Molti i dati emersi: circa il 20% dei casi di incendio in impianti di trattamento e smaltimento rifiuti ha origine dolosa, il 47,5% degli incendi è avvenuto nelle Regioni del nord. Il 2017 è stato l'anno con il massimo numero tendenziale di eventi; l'azione penale è stata esercitata nel 13% dei casi.

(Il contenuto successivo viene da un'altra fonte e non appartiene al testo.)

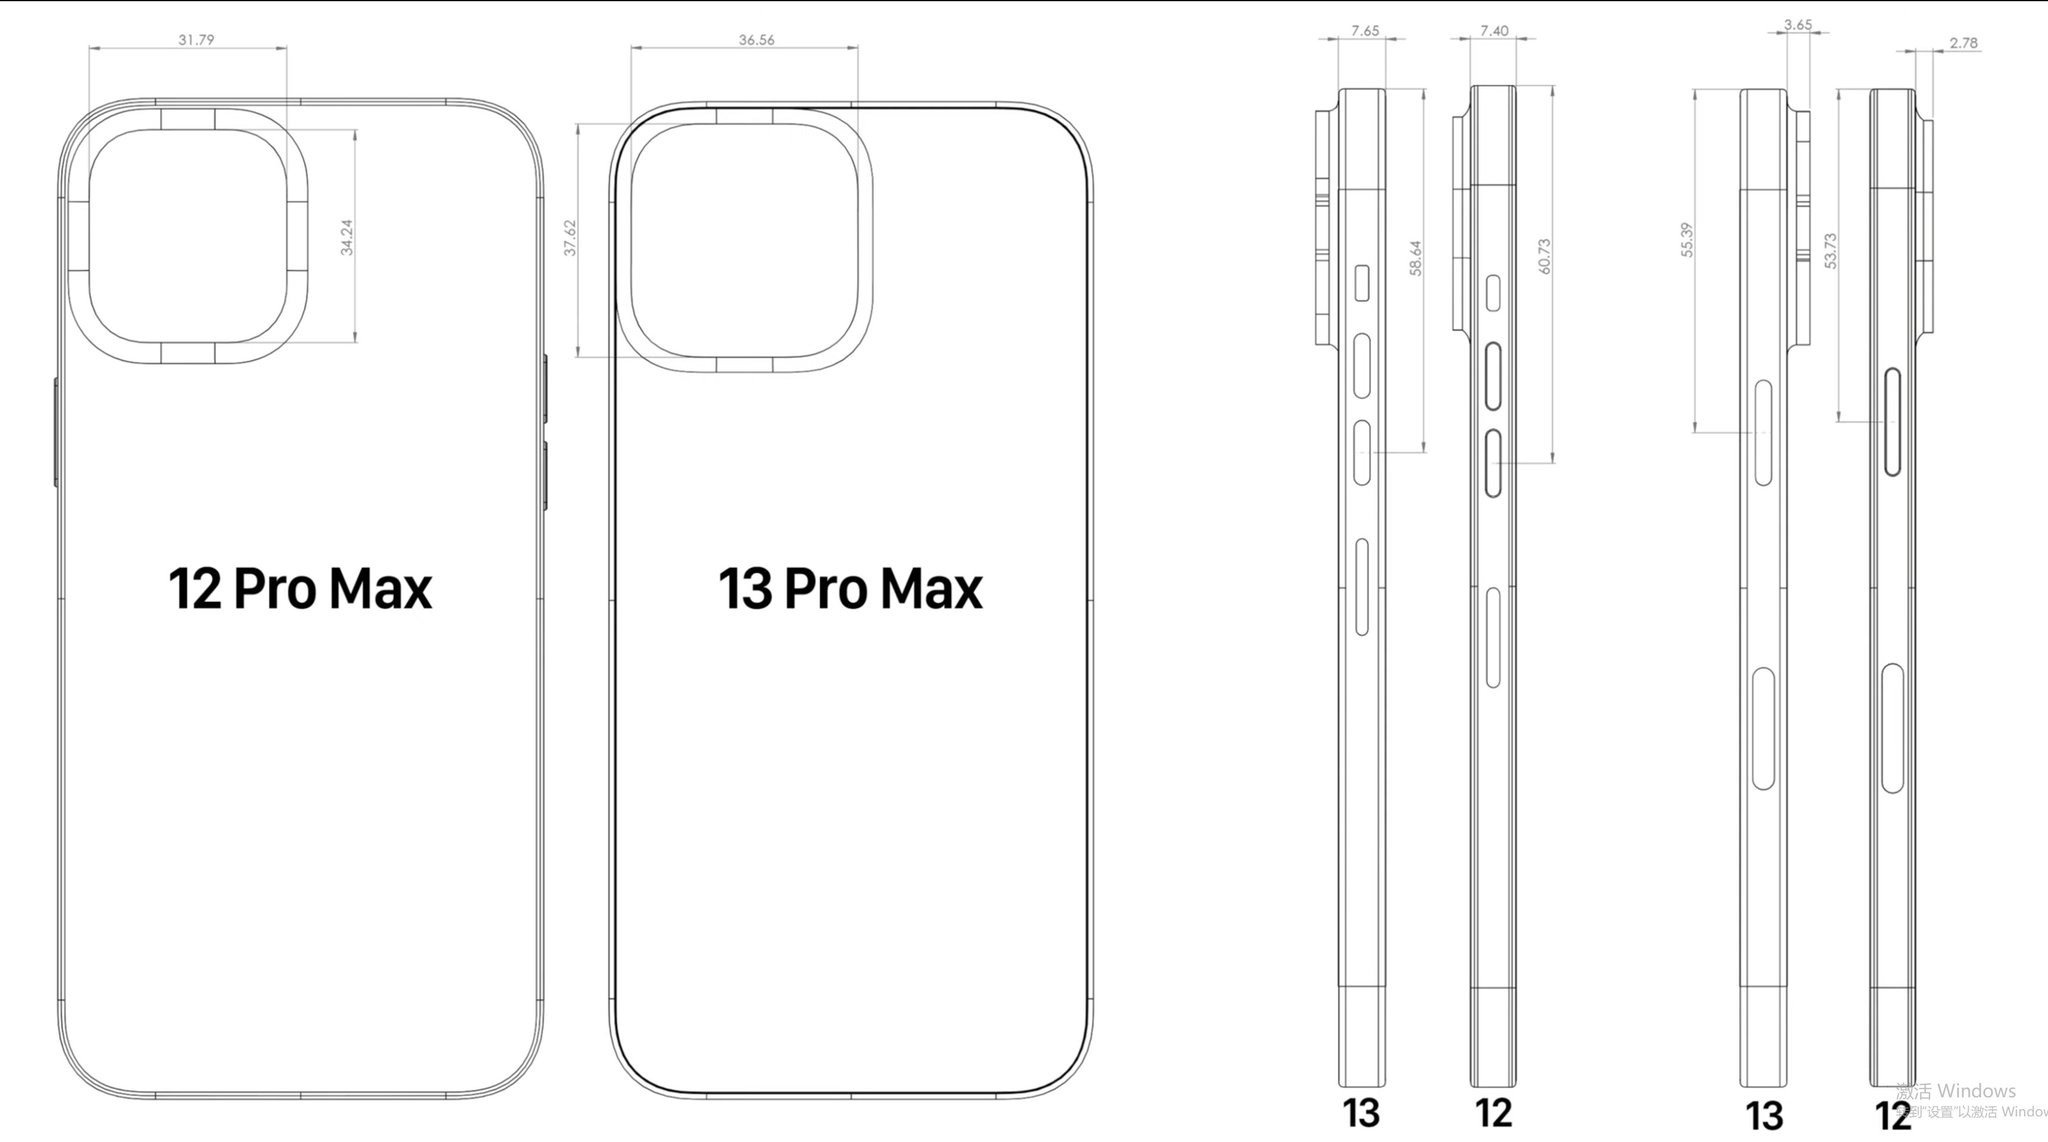 Leaked iPhone 13 Pro Max designs appear to show the camera is getting

La Commissione, richiamata la difficoltà nel fornire una spiegazione complessiva del fenomeno, ritiene che emergono alcuni elementi:

- la fragilità degli impianti, spesso non dotati di sistemi adeguati di sorveglianza e controllo;
la rarefazione dei controlli sulla gestione che portano a situazioni di sovraccarico degli impianti e quindi di incrementato pericolo di incendio;

- la possibilità, determinata da congiunture nazionali e internazionali, di sovraccarico di materia non gestibile, che quindi dà luogo a incendi dolosi "liberatori";

- la disomogeneità delle risposta investigativa e giudiziaria; nell'ambito dei procedimenti penali instaurati, potrebbe risultare di particolare utilità la condivisione di protocolli investigativi, con diffusione su base nazionale delle migliori prassi e omogeneità negli accertamenti e nell'esercizio dell'azione penale;

- l'elevato impegno di risorse richiesto da un incendio in impianti di trattamenti di rifiuti per quanto riguarda le operazioni di spegnimento da parte dei vigili del fuoco, gli interventi di tutela della popolazione, i monitoraggi ambientali e le investigazioni, è tale da suggerire o imporre un investimento adeguato nella prevenzione, che sicuramente corrisponde a un interesse non solo di tutela ambientale ma anche di migliore gestione delle risorse pubbliche;

- la natura degli impianti e lo svolgimento in essi di attività pericolose, richiedono una prevenzione coordinata che abbia riguardo al rilascio delle autorizzazioni in materia ambientale, alla certificazione antincendio - e al loro rinnovo - nonché a controlli non solo documentali ma anche fisici degli impianti, numericamente adeguati;

- va poi superata l'"invisibilità" di molti eventi: un incendio è un fatto potenzialmente costituente reato, nella forma dolosa o in quella colposa; le notizie di reato devono pervenire alle procure della Repubblica in forma utile e a seguito del necessario coordinamento informativo tra Vigili del fuoco, agenzie ambientali, polizie giudiziarie specializzate e territoriali, anche costruendo una base informativa comune, che risulti coerente nel riportare la natura dei fatti e i numeri;

Altri temi si riflettono sul possibile innalzamento dell'omogeneità e della qualità della risposta investigativa e giudiziaria, e prima ancora della qualità ed efficacia dei controlli in sede amministrativa, quali:

- le vicende autorizzative riguardanti i gestori degli impianti;

- le situazioni societarie, assicurative e fideiussorie degli impianti;

- la natura e misura dei materiali stoccati, correlata all'autorizzazione e caratteristiche si qualitative che quantitative;

- il rispetto delle prescrizioni delle autorizzazioni ambientali;

- il rispetto della normativa antincendio e prevenzionistica.

In conclusione, Il tema degli incendi in impianti di trattamento dei rifiuti costituisce campo di prova di una capacità di coordinamento tra soggetti pubblici e di visione integrata dei problemi ambientali e del ciclo dei rifiuti, in difetto della quale non potrà esservi adeguata prevenzione del fenomeno.